BEGIN DATA TO EXAMINE

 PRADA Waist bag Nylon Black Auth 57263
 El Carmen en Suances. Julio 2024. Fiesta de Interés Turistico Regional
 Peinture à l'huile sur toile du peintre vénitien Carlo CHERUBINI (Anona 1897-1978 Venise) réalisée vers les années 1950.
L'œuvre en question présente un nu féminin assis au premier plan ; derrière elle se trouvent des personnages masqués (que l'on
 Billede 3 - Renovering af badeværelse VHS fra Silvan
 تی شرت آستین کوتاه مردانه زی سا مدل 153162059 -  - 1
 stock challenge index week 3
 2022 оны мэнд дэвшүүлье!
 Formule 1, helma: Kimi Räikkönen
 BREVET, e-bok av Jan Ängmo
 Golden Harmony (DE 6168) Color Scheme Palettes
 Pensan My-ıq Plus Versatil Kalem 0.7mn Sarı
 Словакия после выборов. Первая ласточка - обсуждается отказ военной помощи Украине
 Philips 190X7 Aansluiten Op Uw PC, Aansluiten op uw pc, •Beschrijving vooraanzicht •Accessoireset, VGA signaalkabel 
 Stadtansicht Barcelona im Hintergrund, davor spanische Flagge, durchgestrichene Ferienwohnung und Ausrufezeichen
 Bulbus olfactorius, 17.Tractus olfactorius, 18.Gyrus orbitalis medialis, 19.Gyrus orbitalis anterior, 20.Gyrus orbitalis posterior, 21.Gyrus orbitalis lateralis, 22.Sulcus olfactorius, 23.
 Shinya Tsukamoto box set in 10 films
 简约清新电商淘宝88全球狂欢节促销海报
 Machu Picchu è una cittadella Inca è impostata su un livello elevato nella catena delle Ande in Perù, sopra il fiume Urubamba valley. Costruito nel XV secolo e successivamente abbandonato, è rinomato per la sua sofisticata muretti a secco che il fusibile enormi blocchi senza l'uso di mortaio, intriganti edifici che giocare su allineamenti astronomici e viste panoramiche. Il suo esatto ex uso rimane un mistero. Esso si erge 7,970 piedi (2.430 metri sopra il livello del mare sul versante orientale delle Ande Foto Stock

END DATA TO EXAMINE

(ACTIVITY): Copy each line above exactly as it stands.

(OUTPUT FOR THIS EXERCISE):
 PRADA Waist bag Nylon Black Auth 57263
 El Carmen en Suances. Julio 2024. Fiesta de Interés Turistico Regional
 Peinture à l'huile sur toile du peintre vénitien Carlo CHERUBINI (Anona 1897-1978 Venise) réalisée vers les années 1950.
L'œuvre en question présente un nu féminin assis au premier plan ; derrière elle se trouvent des personnages masqués (que l'on
 Billede 3 - Renovering af badeværelse VHS fra Silvan
 تی شرت آستین کوتاه مردانه زی سا مدل 153162059 -  - 1
 stock challenge index week 3
 2022 оны мэнд дэвшүүлье!
 Formule 1, helma: Kimi Räikkönen
 BREVET, e-bok av Jan Ängmo
 Golden Harmony (DE 6168) Color Scheme Palettes
 Pensan My-ıq Plus Versatil Kalem 0.7mn Sarı
 Словакия после выборов. Первая ласточка - обсуждается отказ военной помощи Украине
 Philips 190X7 Aansluiten Op Uw PC, Aansluiten op uw pc, •Beschrijving vooraanzicht •Accessoireset, VGA signaalkabel 
 Stadtansicht Barcelona im Hintergrund, davor spanische Flagge, durchgestrichene Ferienwohnung und Ausrufezeichen
 Bulbus olfactorius, 17.Tractus olfactorius, 18.Gyrus orbitalis medialis, 19.Gyrus orbitalis anterior, 20.Gyrus orbitalis posterior, 21.Gyrus orbitalis lateralis, 22.Sulcus olfactorius, 23.
 Shinya Tsukamoto box set in 10 films
 简约清新电商淘宝88全球狂欢节促销海报
 Machu Picchu è una cittadella Inca è impostata su un livello elevato nella catena delle Ande in Perù, sopra il fiume Urubamba valley. Costruito nel XV secolo e successivamente abbandonato, è rinomato per la sua sofisticata muretti a secco che il fusibile enormi blocchi senza l'uso di mortaio, intriganti edifici che giocare su allineamenti astronomici e viste panoramiche. Il suo esatto ex uso rimane un mistero. Esso si erge 7,970 piedi (2.430 metri sopra il livello del mare sul versante orientale delle Ande Foto Stock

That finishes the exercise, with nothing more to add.